We also consider the user’s characteristics that we know from the CRM. Is it a man? Is it a woman? Are they urban? More of a city dweller? More of a provincial person? What is their geographical area? How old are they? Do they have a loyalty card? How many points do they have on their loyalty card? How often do they make purchases? There’s alot of things that can be used to understand the shopper so we use various algorithms. Some are better for what we call anonymous data. We might not know who the visitor is, but we can see how they behave on the website in real time and adapt our recommendations. Other recommendations are much more focused on segmentation and really understand the typical profile of the person and react accordingly.

What would be your advice for an optimal user browsing experience?

In everything we do, throughout the product discovery journey, the first objective is to serve the end user. The user experience is key so must be the main objective, even before business performance. I think that’s one of the most important aspects for the user to have a frictionless and omnichannel experience.

For example, imagine someone opens Instagram and sees an ad that redirects them to the mobile app, where they then start browsing a certain type of product. When they return an hour later using their Mac at home, we need to be able to understand their journey, because they may have wanted to make the purchase from their laptop at home but not from their phone while on the metro.

We need to be able to offer a seamless and coherent experience. This means showing the same products and highlighting products they have recently seen. We must avoid thinking in terms of functionalities, but rather try to leave behind silos and touch points and think horizontally: I have this type of customer in this state of mind, with this path. This is the experience they should have throughout their journey. This is what makes for a successful experience.

What are the advantages of creating a product discovery journey?

The first KPIs are very straightforward and easy to calculate. They are the increase in turnover, the average cart, the conversion rate… Then there’s secondary but no less important KPIs that emerge during a more advanced analysis phase. This relates to customer loyalty and everything that makes up a web user, because when they have a good experience, they come back to the website to repeat the experience.

We don’t think about these aspects as much, but they still have a strong impact on a business. For example, the product return rate can be affected. If the personalisation or the list of related products is poorly done, there is a greater chance the customer will be unhappy or make a mistake and return their package. AI can also help reduce this return rate by ensuring that the suggested products are as relevant as possible to the shopper.

Another secondary KPI, but one that has a significant impact for retailers, is the time humans spend on organising catalogs. Product ranking can be partially done by AI so more time can be spent on areas that need significant human creativity. We think this mix between automation and creativity, known as human control, is a crucial issue.

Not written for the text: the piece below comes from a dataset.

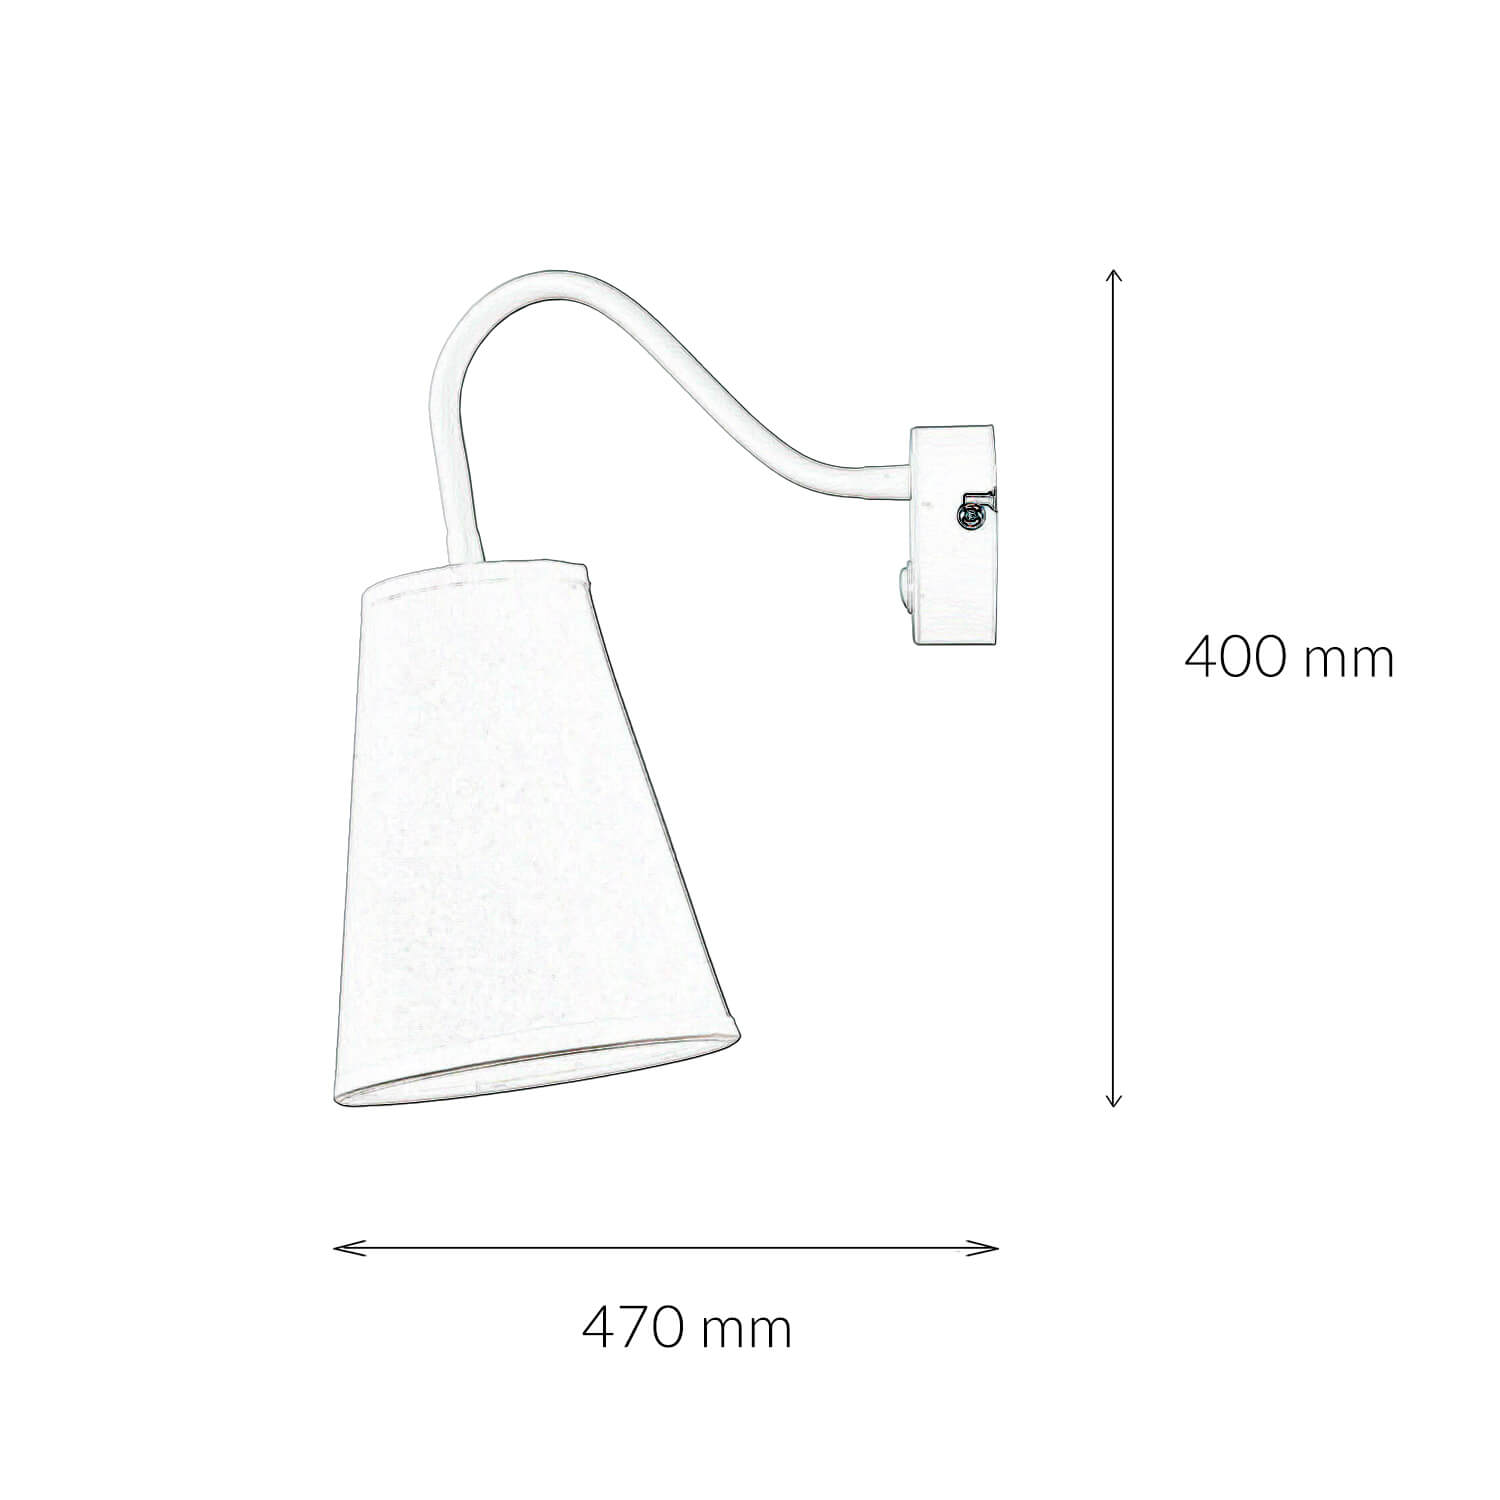 Verstellbare Wandlampe Weiß Ø13cm mit Schalter

In your opinion, what will be the major challenges and areas for improvement for retailers in 2022?

The end of cookies is set to be a major challenge for retailers. All the technologies we just talked about were 100% cookie-based until two years ago. Without them it will reduce the ability to analyse the customer journey. This means we won’t have access to the same data to fuel learning and AI.

But we still have solutions and a range of use cases that can be deployed despite this issue. This involves creating a much stronger relationship of trust with shoppers. They are now the real decision-makers on what features they do or do not want to activate and what they do or do not want to share. They will require much more encouragement to open an account on a website and log in, which will lead to a rethinking of the structure of websites in order to add features that bring real added value.

So, to stay ahead of customer expectations, retailers will have to invest in alternative methods of obtaining shopper behaviour and preferences data in 2022.